O Exército dos EUA os nomeou sargento. Edgar Brian Torres-Tovar, 25, de Des Moines, e o sargento. William Nathaniel Howard, 29, de Marshalltown.

O governador de Iowa, Kim Reynolds, ordenou que todas as bandeiras de Iowa fossem hasteadas com meio mastro em sua homenagem, dizendo: “Estamos gratos por seu serviço e profundamente tristes por sua perda”.

O principal porta-voz do Pentágono, Sean Parnell, disse que um civil que trabalhava como tradutor americano também foi morto. Três outros guardas ficaram feridos no ataque, disse a Guarda Nacional de Iowa na segunda-feira, dois deles em estado crítico e um em estado razoável.

O ataque é um grande teste à reaproximação EUA-Síria desde a deposição do líder autocrático Bashar Assad, há um ano, e ocorre num momento em que os militares dos EUA expandem a cooperação com as forças de segurança sírias. Centenas de soldados dos EUA foram destacados para o leste da Síria como parte da coligação que luta contra o Estado Islâmico.

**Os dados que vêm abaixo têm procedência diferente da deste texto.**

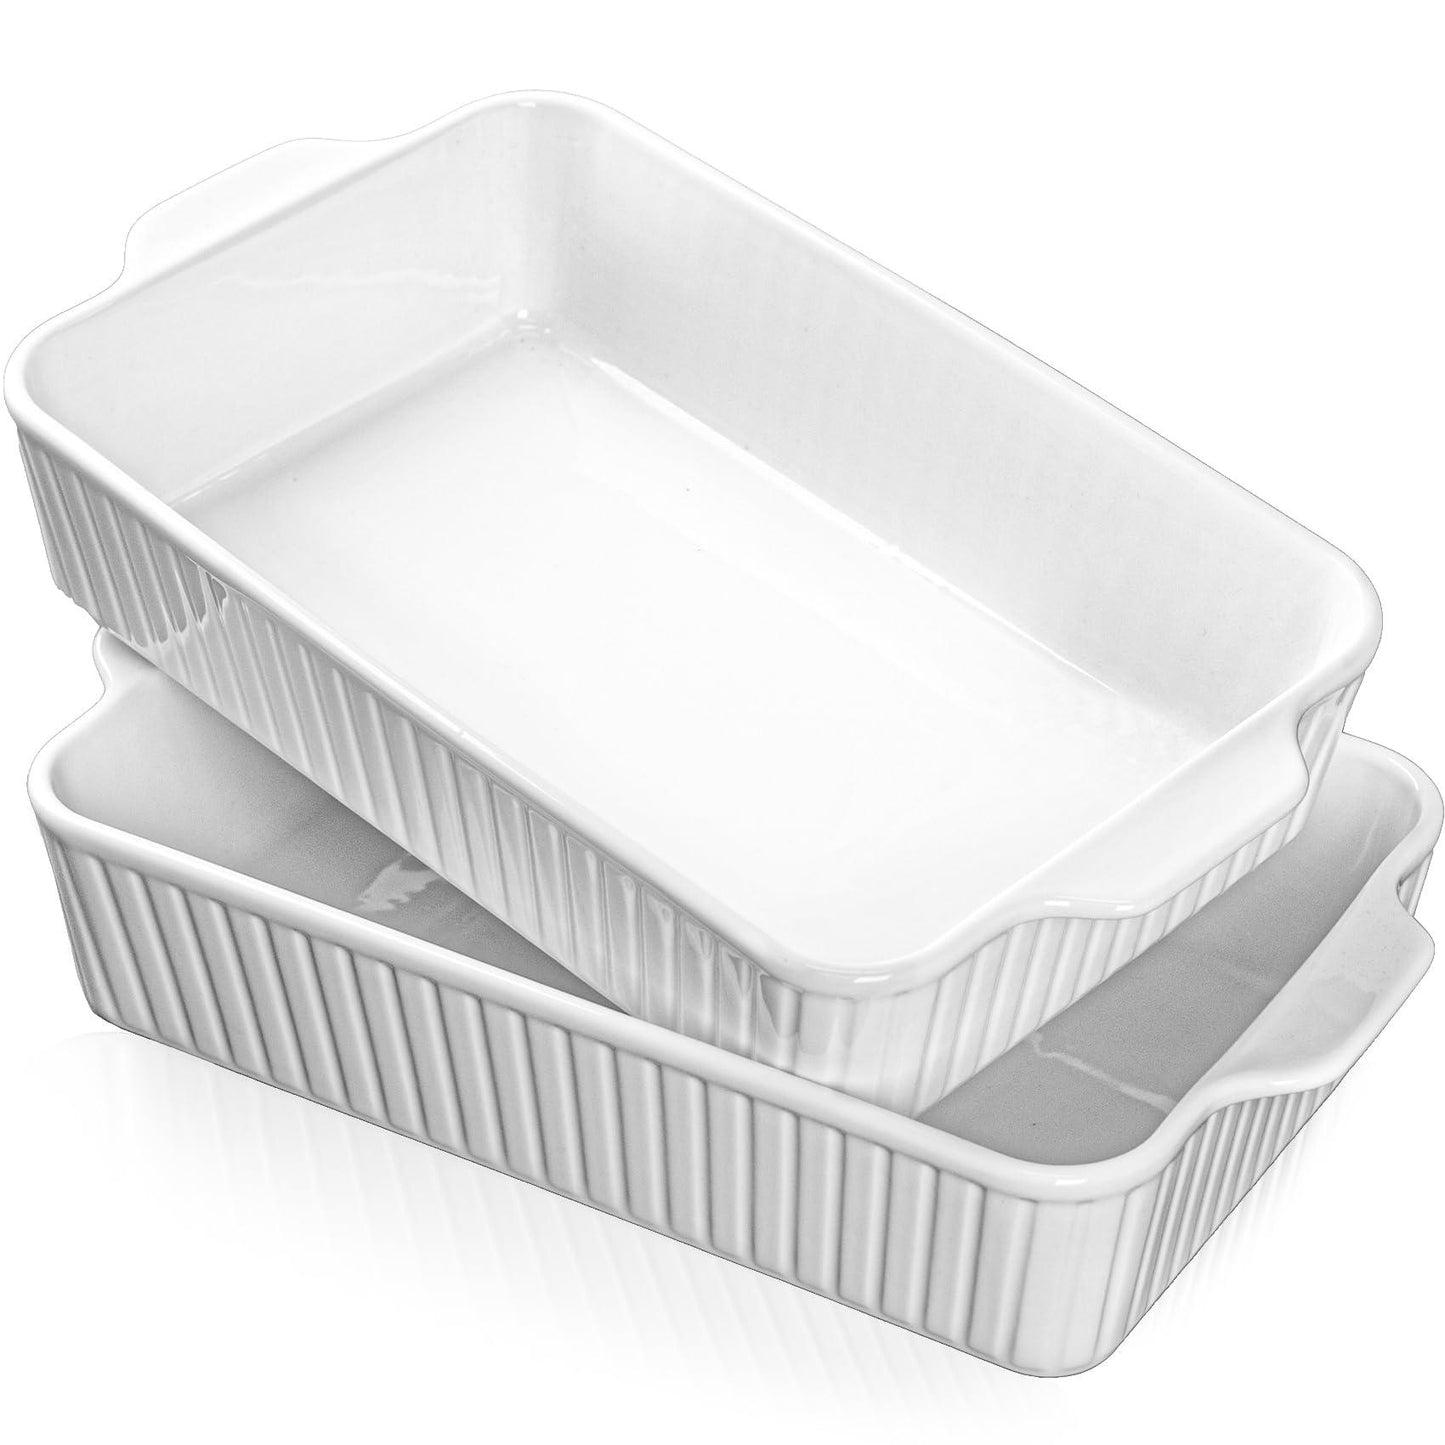 Casserole Dishes for Oven 9x13,2 Pack Ceramic Baking Dish Large & Deep,135 OZ Casserole Dish Set with Handles Durable Bakeware for Lasagna, Roasts, Cake Cooking, Lasagna Pan Sets Nonstick-Microwave - CookCave

No sábado, no deserto sírio, perto da histórica cidade de Palmyra, um membro das forças de segurança do país foi ferido e o atirador morreu. O agressor ingressou nas forças de segurança interna da Síria como guarda de base há dois meses e foi recentemente transferido em meio a preocupações de que possa ter ligações com o Estado Islâmico, disse uma autoridade síria.

O homem invadiu um almoço entre autoridades dos EUA e da Síria e abriu fogo após um confronto com as forças de segurança sírias, disse o porta-voz do Ministério do Interior, Nour al-Din al-Baba, no domingo.

Al-Baba reconheceu que o incidente foi uma “grande violação da segurança”, mas disse que no ano desde a queda de Assad, houve “mais sucessos do que fracassos” por parte das forças de segurança.

O Exército disse na segunda-feira que estava investigando o incidente, mas as autoridades militares atribuíram o ataque a membros do Estado Islâmico.

O Presidente Trump disse no fim de semana que haveria “retaliação muito séria” pelo ataque e que o Presidente sírio Ahmed al-Sharaa estava “devastado” com o que aconteceu, sublinhando que a Síria estava a lutar ao lado das tropas norte-americanas.

Trump deu as boas-vindas a Al-Sharaa, que liderou a revolta que derrubou o regime de Assad, na Casa Branca numa reunião histórica no mês passado.

Finley escreve para a Associated Press. A redatora da AP, Abby Sewell, em Beirute, contribuiu para este relatório.